● **Records to process**
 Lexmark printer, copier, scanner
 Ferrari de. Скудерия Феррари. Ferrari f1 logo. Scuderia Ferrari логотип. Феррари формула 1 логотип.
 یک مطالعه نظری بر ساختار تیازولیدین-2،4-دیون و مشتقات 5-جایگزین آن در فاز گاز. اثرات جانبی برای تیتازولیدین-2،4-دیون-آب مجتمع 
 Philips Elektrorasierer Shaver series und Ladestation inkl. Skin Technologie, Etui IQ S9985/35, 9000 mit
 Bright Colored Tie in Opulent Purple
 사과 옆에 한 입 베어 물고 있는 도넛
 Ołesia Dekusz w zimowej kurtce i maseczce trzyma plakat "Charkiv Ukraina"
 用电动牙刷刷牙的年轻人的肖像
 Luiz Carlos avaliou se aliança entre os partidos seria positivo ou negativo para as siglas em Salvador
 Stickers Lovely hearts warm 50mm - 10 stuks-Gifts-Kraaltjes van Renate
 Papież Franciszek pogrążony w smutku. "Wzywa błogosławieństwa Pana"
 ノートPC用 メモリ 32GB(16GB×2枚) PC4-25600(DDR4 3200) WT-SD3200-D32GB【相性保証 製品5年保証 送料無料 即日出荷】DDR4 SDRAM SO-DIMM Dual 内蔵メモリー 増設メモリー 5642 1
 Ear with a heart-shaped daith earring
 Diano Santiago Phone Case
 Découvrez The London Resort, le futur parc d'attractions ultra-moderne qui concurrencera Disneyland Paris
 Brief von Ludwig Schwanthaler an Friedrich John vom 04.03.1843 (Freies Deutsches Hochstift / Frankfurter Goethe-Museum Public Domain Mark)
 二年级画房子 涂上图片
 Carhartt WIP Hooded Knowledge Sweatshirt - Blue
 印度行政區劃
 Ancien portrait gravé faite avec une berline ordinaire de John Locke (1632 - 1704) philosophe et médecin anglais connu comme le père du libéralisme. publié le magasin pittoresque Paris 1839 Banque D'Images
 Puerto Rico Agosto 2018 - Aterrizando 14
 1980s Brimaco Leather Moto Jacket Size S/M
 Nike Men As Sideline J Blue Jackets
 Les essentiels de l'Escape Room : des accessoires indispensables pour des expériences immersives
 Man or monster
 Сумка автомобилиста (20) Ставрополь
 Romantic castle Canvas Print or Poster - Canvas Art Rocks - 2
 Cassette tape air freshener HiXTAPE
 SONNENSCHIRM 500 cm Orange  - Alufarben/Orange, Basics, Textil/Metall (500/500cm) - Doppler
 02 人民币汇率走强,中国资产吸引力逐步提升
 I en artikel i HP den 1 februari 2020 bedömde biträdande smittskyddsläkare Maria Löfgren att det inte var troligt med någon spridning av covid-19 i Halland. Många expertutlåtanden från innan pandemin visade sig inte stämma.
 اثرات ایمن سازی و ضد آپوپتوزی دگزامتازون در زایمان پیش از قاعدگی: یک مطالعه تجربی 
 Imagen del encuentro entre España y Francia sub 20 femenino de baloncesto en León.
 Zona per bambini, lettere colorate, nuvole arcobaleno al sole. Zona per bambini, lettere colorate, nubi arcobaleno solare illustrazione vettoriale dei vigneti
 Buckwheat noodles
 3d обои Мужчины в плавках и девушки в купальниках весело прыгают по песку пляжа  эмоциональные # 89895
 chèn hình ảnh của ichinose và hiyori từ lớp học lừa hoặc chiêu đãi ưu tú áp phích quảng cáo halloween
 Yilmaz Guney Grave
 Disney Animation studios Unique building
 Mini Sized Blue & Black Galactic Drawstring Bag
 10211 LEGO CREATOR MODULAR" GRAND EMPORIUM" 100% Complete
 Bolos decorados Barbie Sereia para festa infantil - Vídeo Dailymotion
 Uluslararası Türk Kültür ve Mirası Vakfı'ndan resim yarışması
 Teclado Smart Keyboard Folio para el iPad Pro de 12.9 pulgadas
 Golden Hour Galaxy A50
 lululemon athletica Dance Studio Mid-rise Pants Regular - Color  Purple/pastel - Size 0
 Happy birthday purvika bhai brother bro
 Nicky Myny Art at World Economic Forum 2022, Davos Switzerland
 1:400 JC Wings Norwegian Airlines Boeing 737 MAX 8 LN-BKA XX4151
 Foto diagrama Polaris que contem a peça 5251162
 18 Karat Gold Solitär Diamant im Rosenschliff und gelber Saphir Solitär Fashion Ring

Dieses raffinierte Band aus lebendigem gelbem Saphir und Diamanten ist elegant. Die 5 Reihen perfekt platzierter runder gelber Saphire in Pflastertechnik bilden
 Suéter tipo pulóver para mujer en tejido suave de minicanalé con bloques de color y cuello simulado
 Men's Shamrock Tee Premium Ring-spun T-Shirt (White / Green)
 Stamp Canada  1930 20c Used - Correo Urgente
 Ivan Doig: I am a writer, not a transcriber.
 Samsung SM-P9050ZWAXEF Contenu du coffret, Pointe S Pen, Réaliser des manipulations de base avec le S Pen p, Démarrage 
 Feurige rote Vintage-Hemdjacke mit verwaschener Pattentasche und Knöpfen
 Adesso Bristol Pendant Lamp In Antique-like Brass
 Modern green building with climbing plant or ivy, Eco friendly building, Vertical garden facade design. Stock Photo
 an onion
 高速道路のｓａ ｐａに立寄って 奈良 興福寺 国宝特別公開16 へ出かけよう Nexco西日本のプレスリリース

● **Prompt**
Begin with the line above that has "Сумка автомобилиста (20) Ставрополь" and continue through the line that has "I en artikel", setting each one down exactly. Stop there.

● **Result of this task**
 Сумка автомобилиста (20) Ставрополь
 Romantic castle Canvas Print or Poster - Canvas Art Rocks - 2
 Cassette tape air freshener HiXTAPE
 SONNENSCHIRM 500 cm Orange  - Alufarben/Orange, Basics, Textil/Metall (500/500cm) - Doppler
 02 人民币汇率走强,中国资产吸引力逐步提升
 I en artikel i HP den 1 februari 2020 bedömde biträdande smittskyddsläkare Maria Löfgren att det inte var troligt med någon spridning av covid-19 i Halland. Många expertutlåtanden från innan pandemin visade sig inte stämma.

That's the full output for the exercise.